Like the nail story I told you, we need to compare the advancements of the present with the past. In the past the computing power of devices have always been too low. Intel’s 8080 microprocessor had only 2Mhz of processing power, whereas the latest ARM chips used in our mobile phones have a minimum processing power of 2Ghz with 8 cores, which is 2000-5000 times powerful. And with the advancement in technology, our practices should also evolve, don’t you think?
In an article published during late 2016, by an American telecommunication company named Sprint, they have stated that, over implementation of Edge computing in their company, they have seen four major advantages. There were able to get significant benefits in the areas of Real-time or near real-time data analysis, Lower operating costs, Reduced network traffic and Improved application performance.

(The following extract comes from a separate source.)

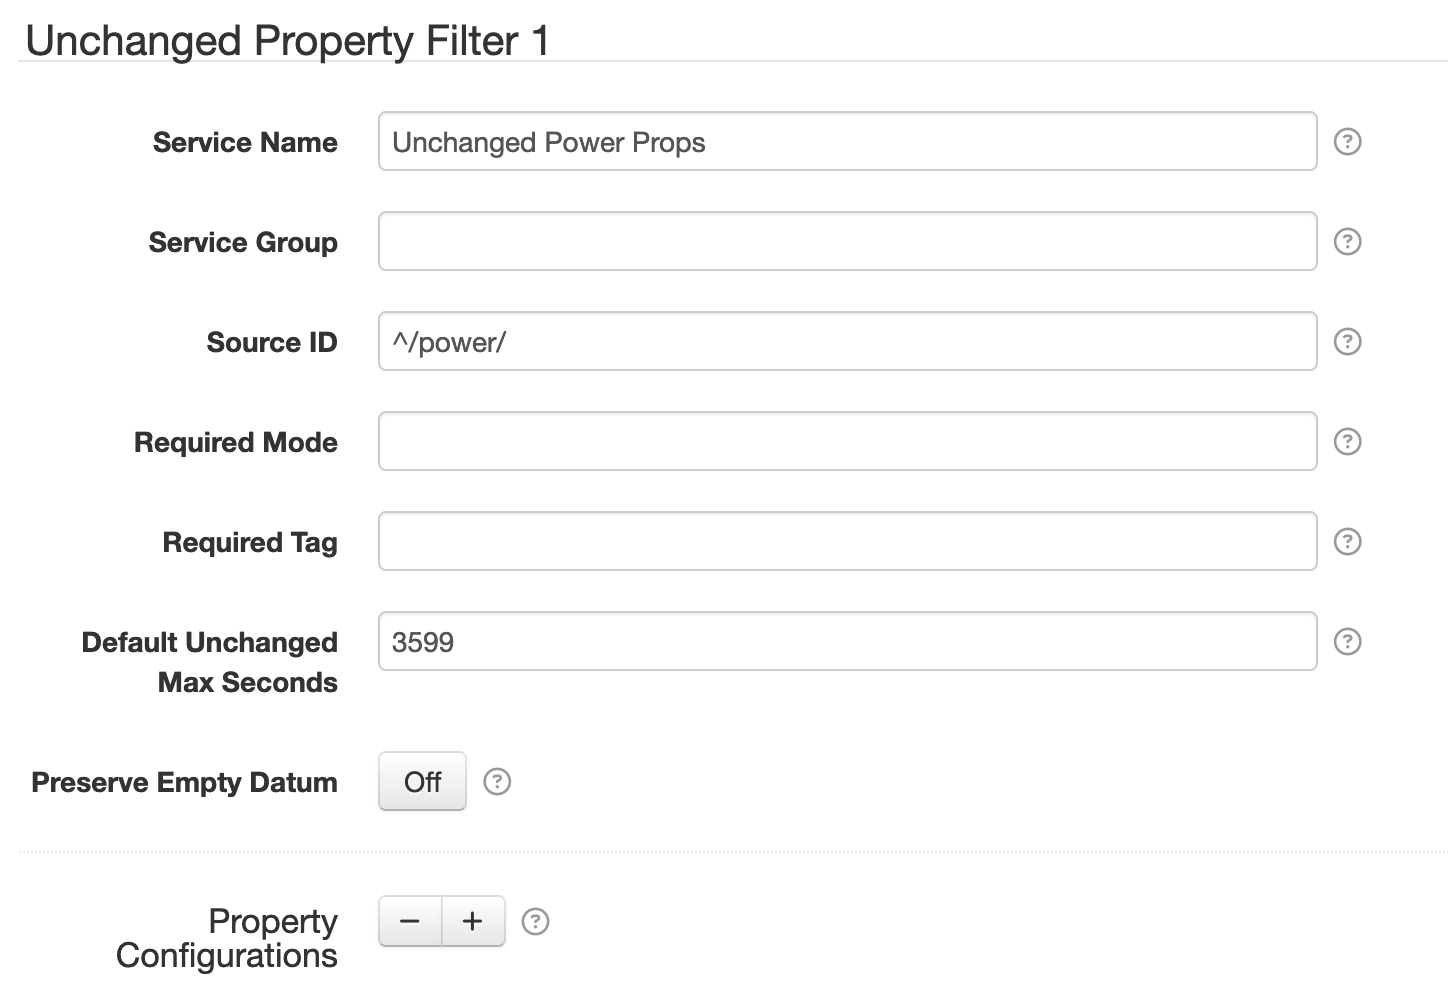 Unchanged Property filter component settings

And not just Sprint, many other global leaders like Nokia, Dell, Cisco etc., have already started implementing edge computing couple of years ago in their products and services.
Speaking of implementation, if you could look closely, Edge computing is not much different from Home schooling, I would say, very similar in terms of implementation.
- In the traditional ITOA architecture, you send the data to the Cloud or On-Premise DC, like you send your kid to a school.
In Edge Computing, you get the data homeschooled by analyzing it at device itself. - In the traditional ITOA architecture, you can’t have real time analysis of data due to network traffic constraints, like you can’t watch your kid every now and then, like you would if he is at home.
In Edge Computing, your data is processed at device level where it originated, so no concept of network traffic here. - In the traditional ITOA architecture, your CapEx and OpEx are usually costlier and its gets higher even now and then, just like how your kid’s school fees get increased every year as he graduates.
In Edge Computing, your data is processed at device level where it originated, so no concept of CapEx and OpEx here. - In the traditional ITOA architecture, you would have take special measures about the security involved at levels, right from data transfer till the final application, like you would have to, while sending your kid to a school. You need to choose the School bus for his transport or drop him at school and pick him up, you need to make sure that the school has CCTV installed, Compound fenced, security personal stationed, perform security checks and clearance procedures for visitors, etc.,
In the Edge Computing, your data gets processed mostly at device level, so no additional security involved than the usual.
Though homeschooling may not be an appropriate solution to your kid, looking at the benefits of Edge computing, it appears to be convincing to get our devices homeschooled.
So, without abiding to tradition, let’s get our “Things” home schooled, shall we?
All images are picked from external sources.